I don’t know if that man were a doctor or not but he took my money sure enough. He told me I’d need a real surgery to make sure there’d never be no baby and I said can’t you do it and he said no, ma’am, it is not possible. I can’t have a baby I said I can’t I can’t and I think he wanted me to be quiet because I was crying then so he said there is a herb ma’am it is called ashoqlore have you heard of it I may sell it to you at a reduced price. I started to laugh as I cried as you know I did sometimes and I said oh yes sir thank you. So he sold me the ashoqlore and took the baby out of me. He told me to come back when I needed more ashoqlore and that I needed to look for something called sepsis, but I don’t remember what sepsis is now. The cab driver charged me extra of what I had brought because I bled on the seat. I hid the ashoqlore the same place as I hid all my other treasures and then I fell into bed.

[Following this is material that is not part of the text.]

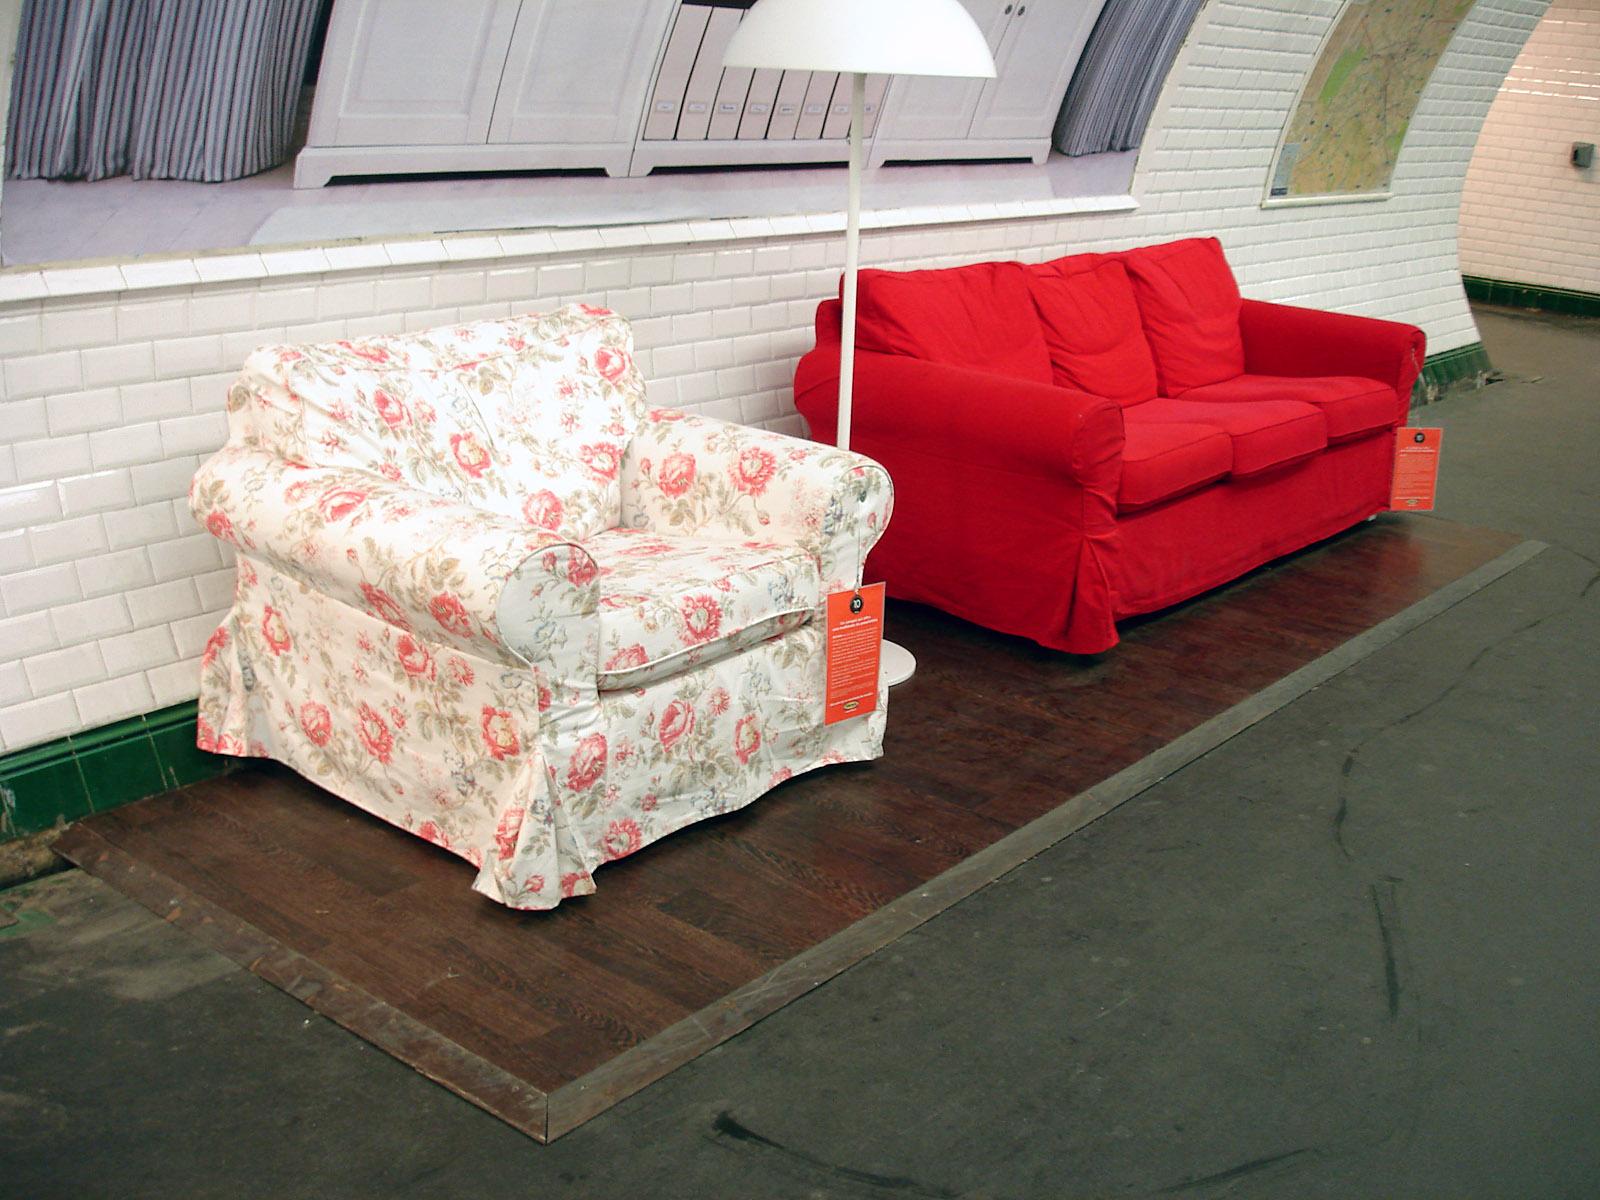 ligne de metro opera subway application. Black Bedroom Furniture Sets. Home Design Ideas

When I woke up again it was to the same nurse as’d been there when I’d hit my head the night of that ball when everything was so terrible and I’d tried to say no to you. She was the one as’d said you looked so fine in your riding jacket. Well, this time she dropped her knitting needles when I blinked at her, and she said that I’d had a terrible misfortune happen to me. My husband was that worried and wouldn’t I do everything she told me to do to make sure I got back to perfect health? I said yes ma’am I would and she said I was a sweet thing. Mr. Reynfried wanted to see me soon as I woke, she said, and he’d promised to do all he could for me. I knew that you could do all you wanted but I’d done something you could never undo, so I said yes, of course, I wanted to see you.